The frontier took care of that. Some of the newcomers turned tail and ran for shelter back home, some died of hardship and disease, by accident and warfare of one kind or another. If you were not strong you either became so or you died, it was as simple as that. Stories of the frontier are exciting because they are about dynamic people, the ones who have been through the mill. The men and women who arrived in the west were survivors, they had to be. And they had to continue to survive.
No part of it was easy, and those who survived did so because they were capable of standing alone. When you get a bunch of individualists brushing against each other, there are always possibilities for trouble, for they were proud people, secure in themselves but apt to resent any infringement of their rights or what they conceived to be so.

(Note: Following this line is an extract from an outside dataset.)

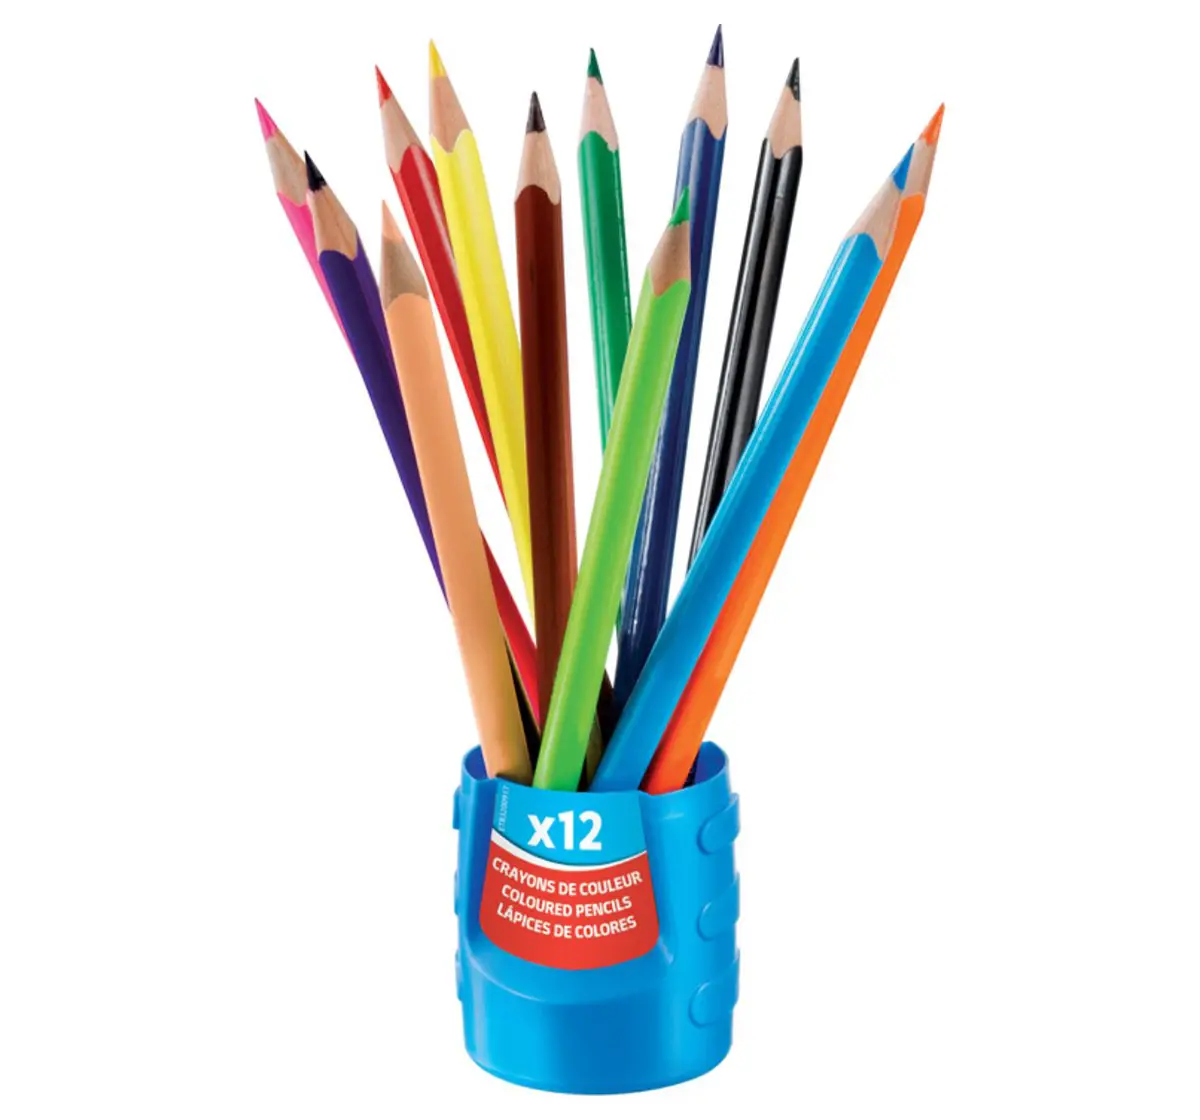 Maped 12 Colour Pencils Squeezy, 7Y+ (Multicolour)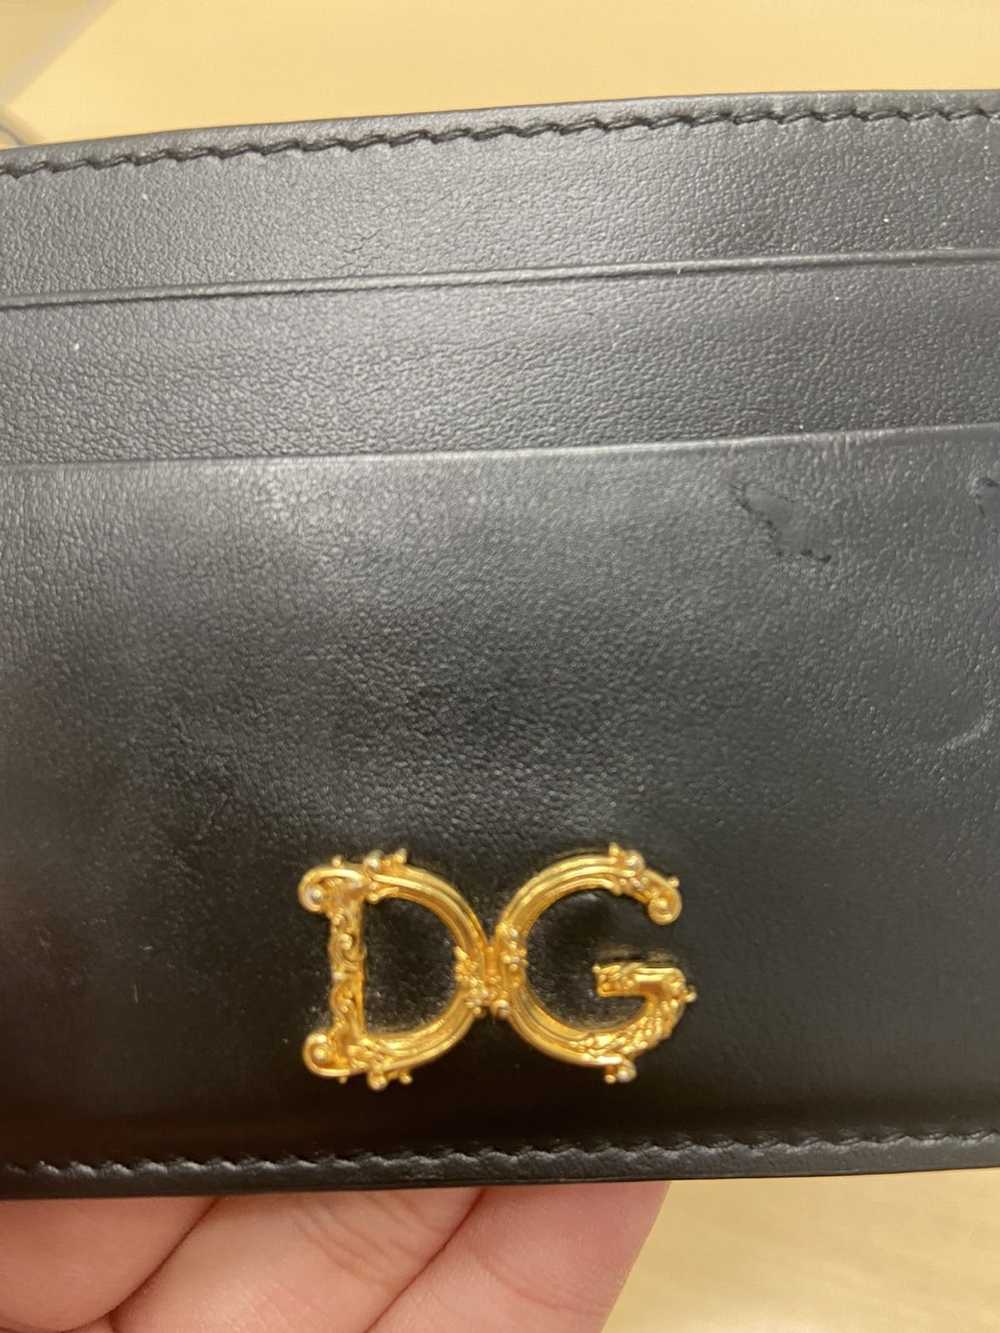 Dolce & Gabbana Dolce gabbana cardholder - image 2

Most men were honest. Those who were not were soon identified and the word went along the cattle trails and the stage roads. A man with a reputation for shady deals or dishonesty of one kind or another was soon relegated to doing business with his own kind. It was simply too small a population despite the size of the country. Western men and women had no secrets except those they brought west with them. Once arrived their lives became an open book. Most of the towns were of a few hundred people only, and those which were larger were made up of known people in most instances.
Once arrived in the west a man or woman soon became known by his or her actions. Nobody asked any questions. Nobody cared what you had done or who your father and mother were. It was what you were now that mattered, it mattered that you were honest, that you had courage, that you did your job.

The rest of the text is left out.